A basic table printer that could perhaps be useful in the standalone interpreter could be:

- first print all the entries from 1 to #t using ipairs()
- mark the last one with '#'
- then print all entries with pairs() except those printed before

For example, this table:

{ 'monday', 'tuesday', 'wednesday', 'thursday', 'friday';
  [27] = 'payday', [100] = { 1, 2, 3 },
  monday = 1, tuesday = 2, wednesday = 3, thursday = 4, friday = 5 }

could print like this:

1 = 'monday'
2 = 'tuesday'
3 = 'wednesday'
4 = 'thursday'
5 = 'friday'
#
'wednesday' = 3
'monday' = 1
100 = table: 00468538
'friday' = 5
'thursday' = 4
27 = 'payday'
'tuesday' = 2

If declared as a function (e.g. __table_printer()) the table printer would be replaceable with the usual command line options, or possibly disabled with a new option.

As an alternative, a sign different from '=' could be used to invoke the table printer, or generally speaking a more informative printer.
(I don't dare venturing into table recursion territory)

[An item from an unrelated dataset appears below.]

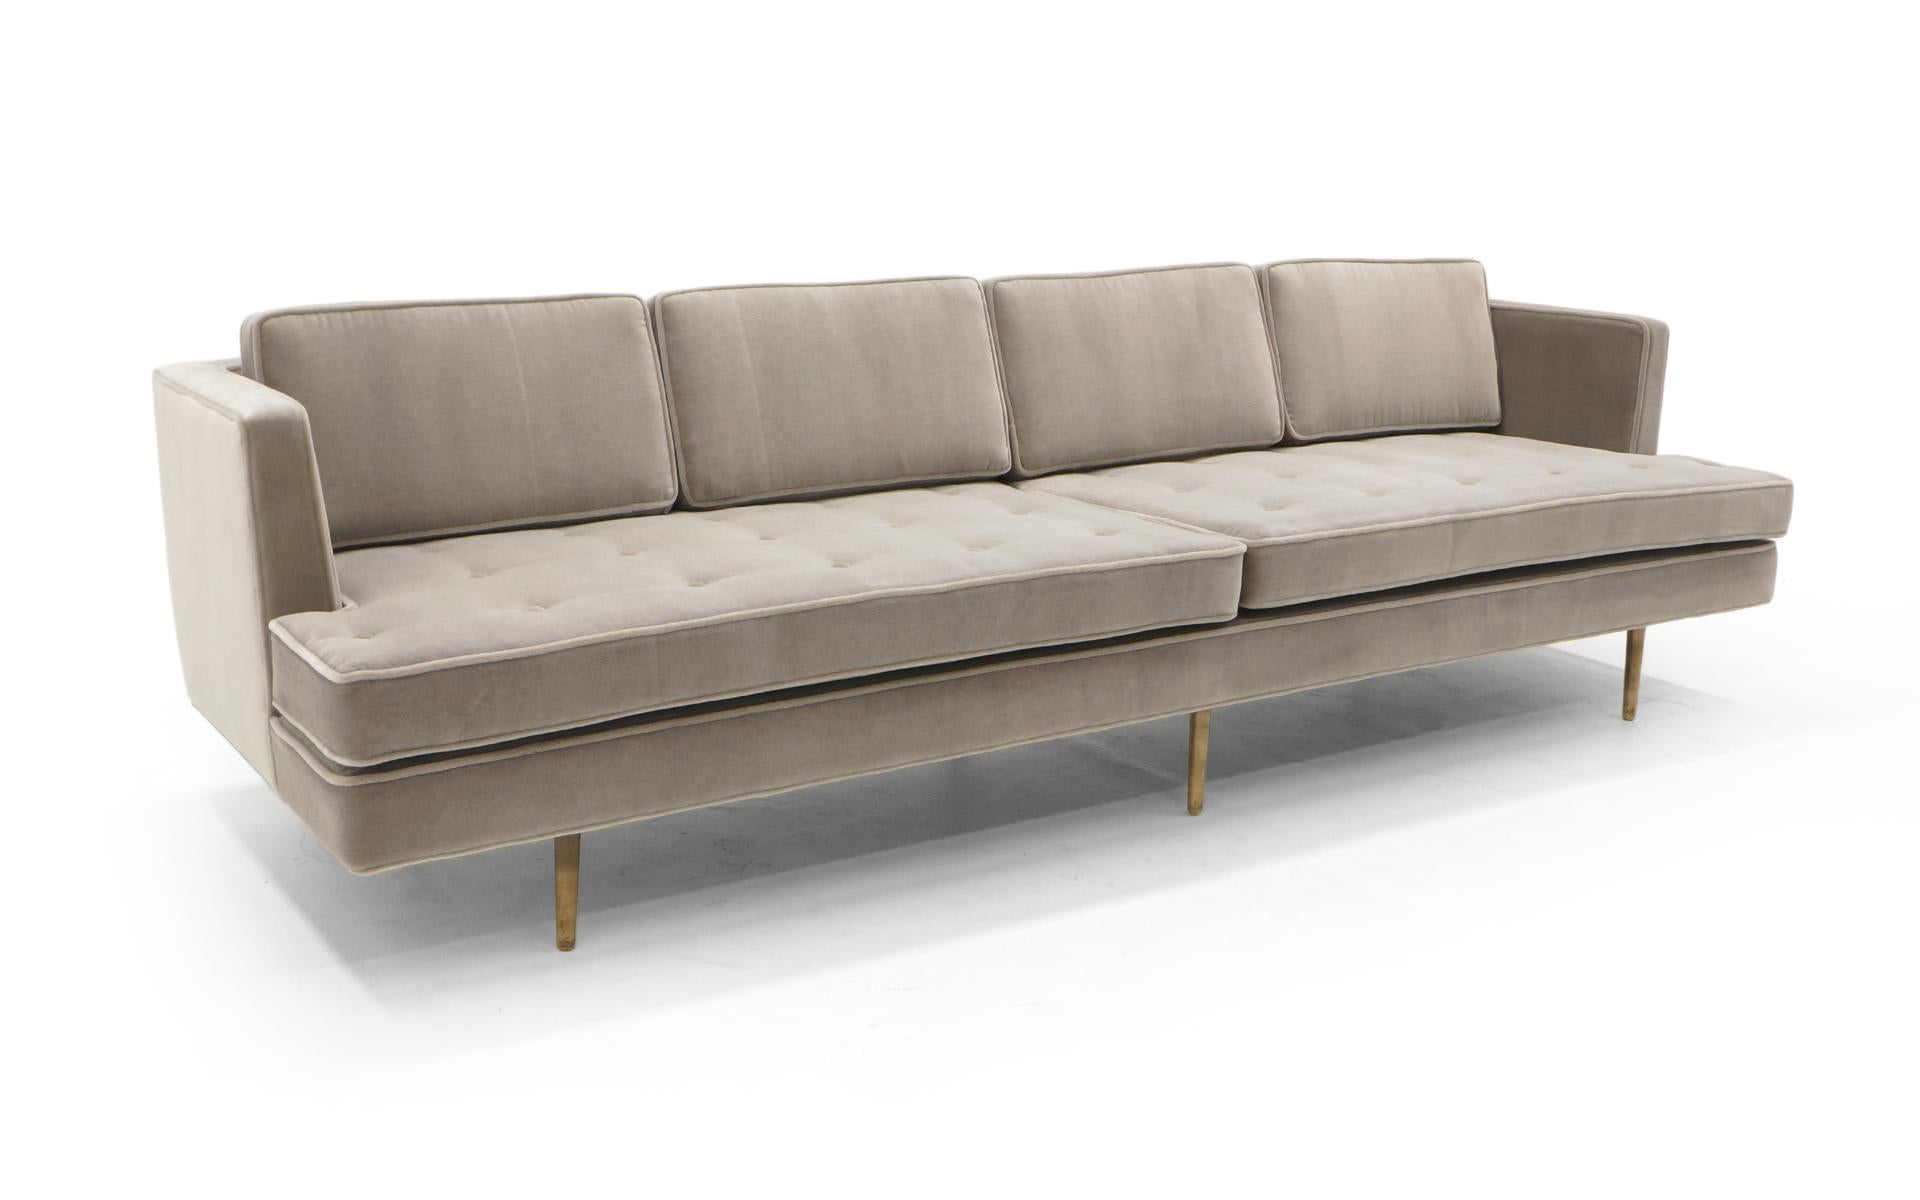 Stunning Edward Wormley for Dunbar sofa. Nine feet Long with Solid Brass Legs (These legs can be polished to a beautiful luster if you prefer). The sofa has been expertly restored and reupholstered in Lee Jofa Marlow Mohair, Pearl, with a retail

P.S. I'm still trying to decide if I like this. Probably not much: it just saves a few keys from calling a table printer loaded via LUA_INIT.

--
  Enrico


A small suggestion:

Make the output legal lua code. 
Example: "--#"

Not quite as pretty, but not only do I sometimes munch pretty output, it might even be clearer for new programmers? It is not as aesthetically pleasing, however.